Good night everybody, I need to solve the system:

NSolve[       {  7.61 == -((26.3 + 7.6*Rs)/Rp) - 1*(-1 + E^((38.91* (26.3 + 7.61* Rs))/A)) *Io + Ip,
           8.21 == -((8.21* Rs)/Rp) - 1*(-1 + E^((319.51* Rs)/A)) *Io + Ip, 
           0 == -(32.9/Rp) - 1*(-1 + E^(1280.38/(A))) *Io + Ip,
           6.62 == -((6.62* Rs)/Rp) - 1*(-1 + E^((239.92*Rs)/A)) *Io + Ip,
           0 == -(29.9/Rp) - 1*(-1 + E^(1083.66/(A))) *Io + Ip},
            {Io, Ip, A, Rs, Rp}]

But I don't know if the NSolve command is appropriate. if someone have idea for solve this, help me please

Thank you!

12 Replies

This variant works reasonably well. We sum absolute values of discrepancies (instead of squares).

eqs = {7.61 == 
    0. - (26.3 + 7.6*Rs)/Rp - 
     1. (-1 + E^((38.91741123737115*(26.3 + 7.61*Rs))/A)) Subscript[i,
        o] + Subscript[i, ph], 
   8.21 == 0. - (8.21*Rs)/Rp - 
     1. (-1 + E^((319.51194625881715*Rs)/A)) Subscript[i, o] + 
     Subscript[i, ph], 
   0 == 0. - 32.9/Rp - 
     1. (-1 + E^(1280.3828297095108/A)) Subscript[i, o] + 
     Subscript[i, ph], 
   6.62 == 0. - (6.62*Rs)/Rp - 
     1. (-1 + E^((239.92927434638457*Rs)/A)) Subscript[i, o] + 
     Subscript[i, ph], 
   0 == 0. - 29.9/Rp - 
     1. (-1 + E^(1083.668474766903/A)) Subscript[i, o] + 
     Subscript[i, ph]};
exprs = Apply[Subtract, eqs, {1}];
obj = Total[Abs[exprs]];
vars = {Rp, Rs, Subscript[i, o], Subscript[i, ph], A};

One can try various methods in NMinimize. I had best results from simulated annealing, though possibly that was just luck.

SeedRandom[1111]; Quiet[
 res = Table[
   NMinimize[obj, vars, 
    Method -> {"SimulatedAnnealing", 
      "RandomSeed" -> RandomInteger[100000]}], {8}]]

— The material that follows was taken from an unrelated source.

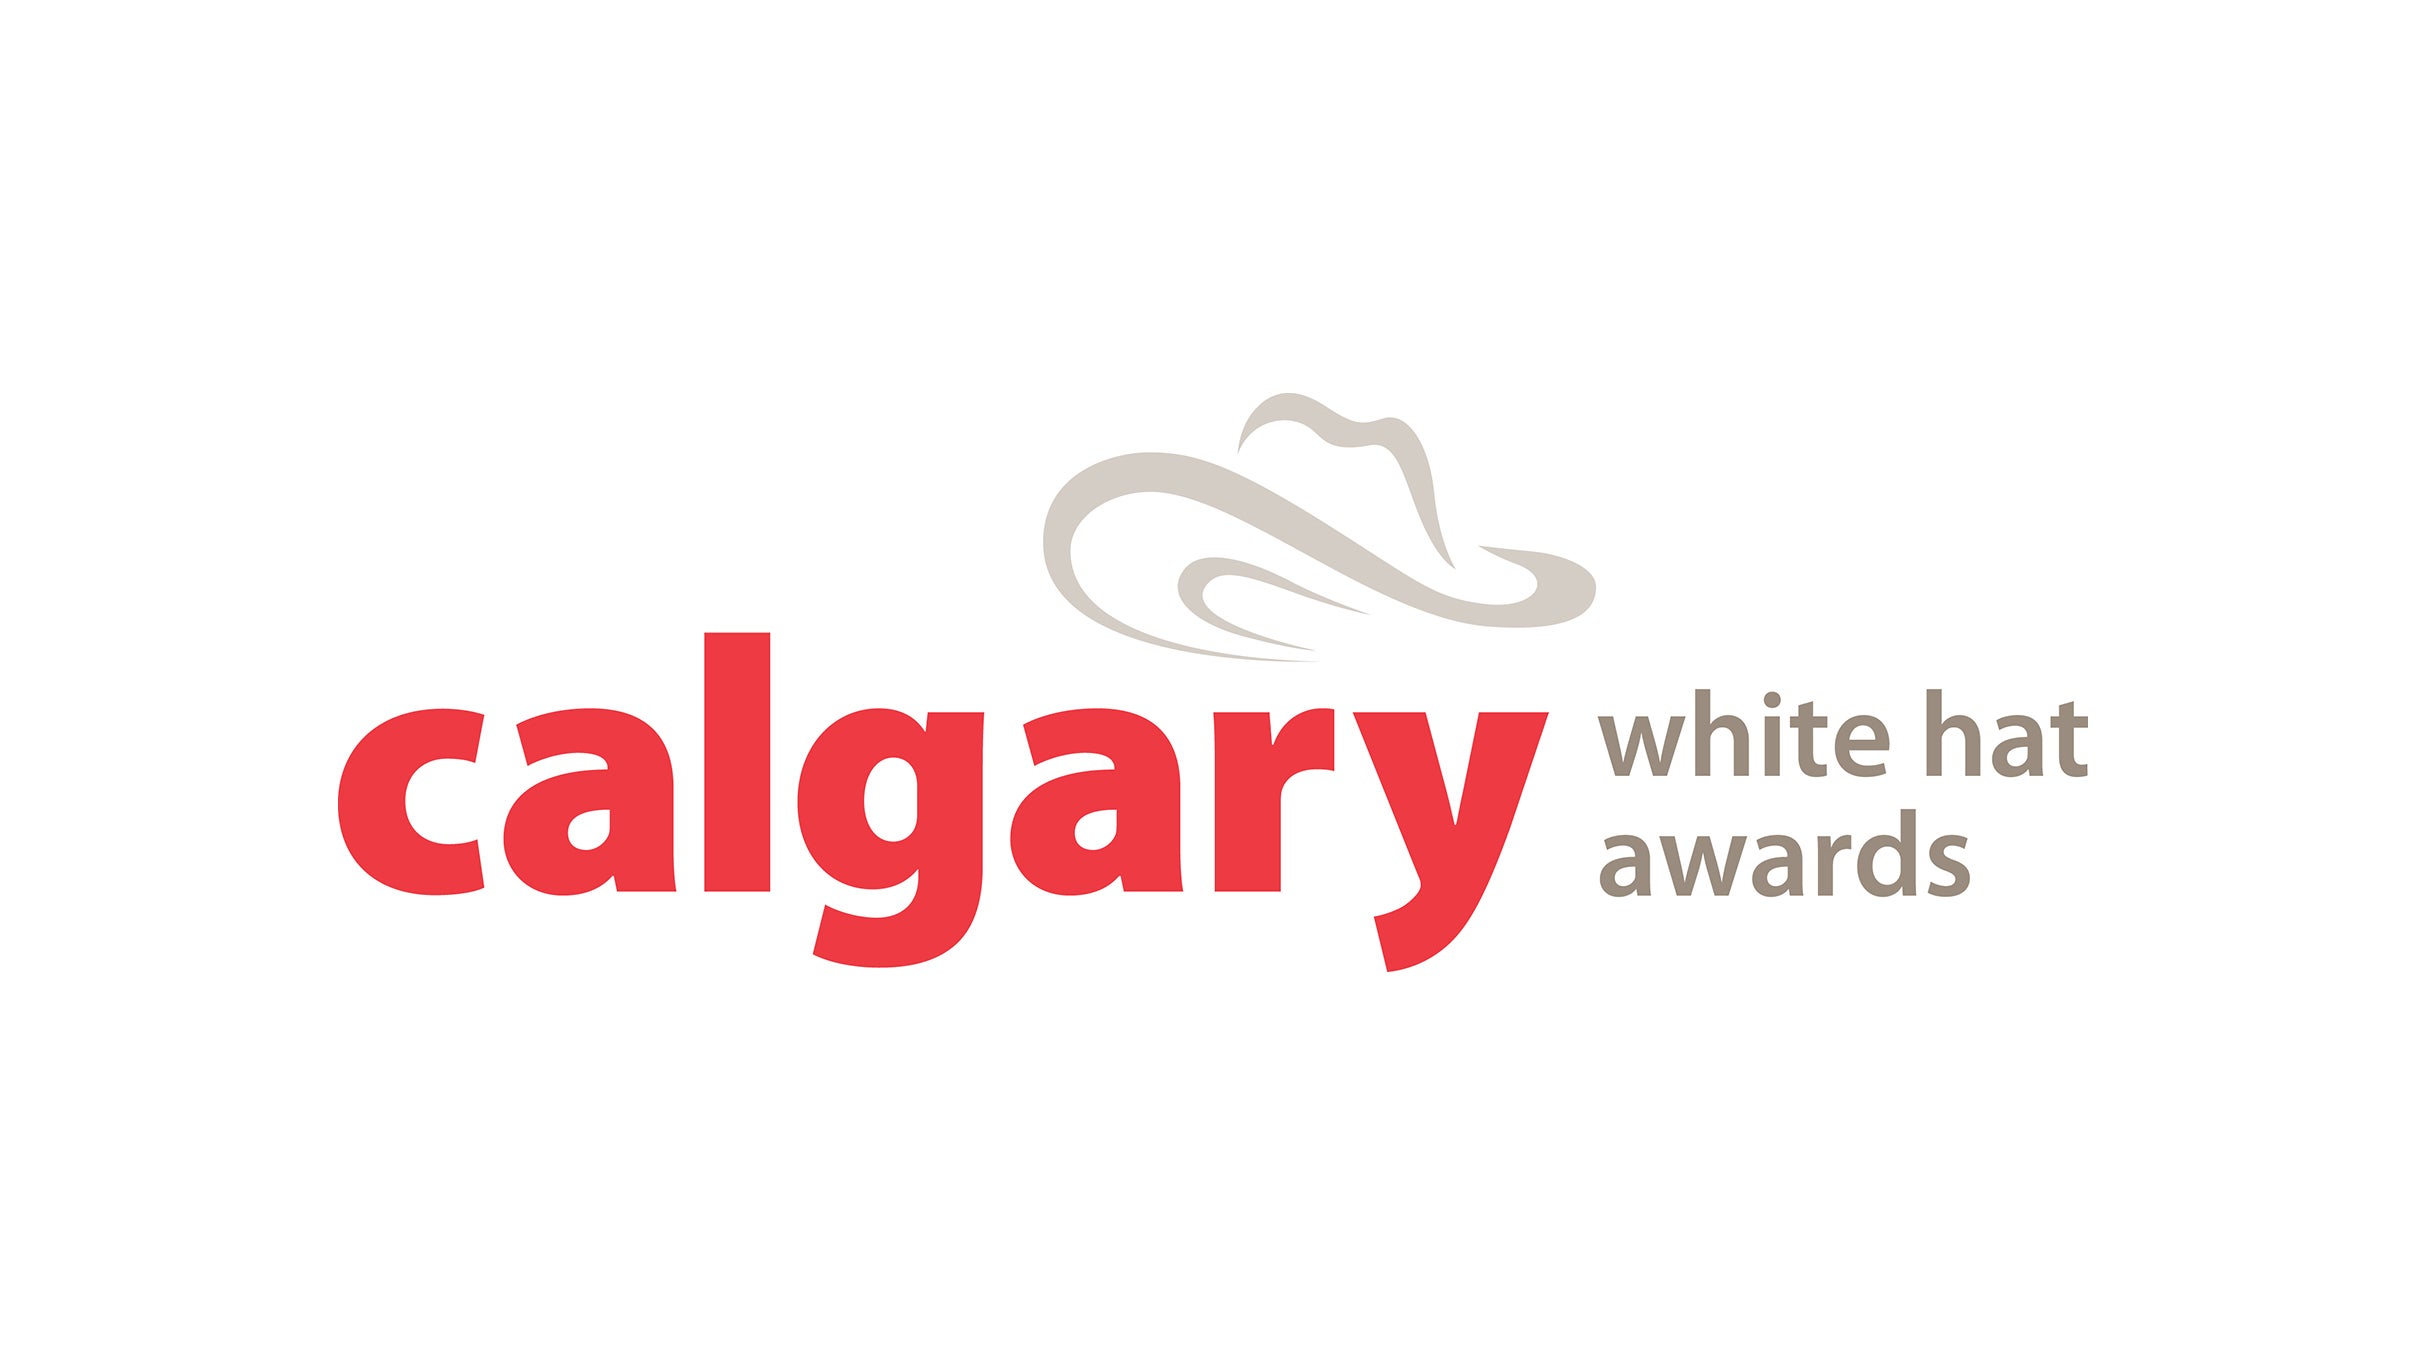 Calgary White Hat Awards presale information on freepresalepasswords.com

(* Out[128]= {{1.87674549158, {Rp -> -22.1775022222, Rs -> 27.1223664498,
    Subscript[i, o] -> -1.27242985435, 
   Subscript[i, ph] -> -0.211055515253, 
   A -> -0.0309130227249}}, {1.64764584763, {Rp -> -36.2638152639, 
   Rs -> 42.3746667989, Subscript[i, o] -> -1.06207524175, 
   Subscript[i, ph] -> -0.053467535256, 
   A -> -1.5217022262}}, {0.019707815217, {Rp -> -1107.10143767, 
   Rs -> 1110.76425648, Subscript[i, o] -> 0.806310397178, 
   Subscript[i, ph] -> -0.83347298941, 
   A -> -0.0264490342706}}, {0.736993699664, {Rp -> -45.9270205782, 
   Rs -> 49.3700088231, Subscript[i, o] -> 0.348644661474, 
   Subscript[i, ph] -> -0.999677531674, 
   A -> -0.462683666199}}, {0.137667678614, {Rp -> -1453.74805012, 
   Rs -> 1469.63492588, Subscript[i, o] -> -38.3974516083, 
   Subscript[i, ph] -> 38.3251067397, 
   A -> -0.368567703104}}, {1.12405053251, {Rp -> -29.1065949187, 
   Rs -> 32.7292298606, Subscript[i, o] -> -2.26521557848, 
   Subscript[i, ph] -> 1.23795697332, 
   A -> -1.34684133875}}, {0.0936124366274, {Rp -> -559.623069958, 
   Rs -> 565.599281418, Subscript[i, o] -> -3.10557765226, 
   Subscript[i, ph] -> 3.03488269939, 
   A -> -2.72662194692}}, {1.43175063852, {Rp -> -23.0445680163, 
   Rs -> 27.0491806745, Subscript[i, o] -> -3.23518621627, 
   Subscript[i, ph] -> 1.80847818916, A -> -1.44644488489}}} *)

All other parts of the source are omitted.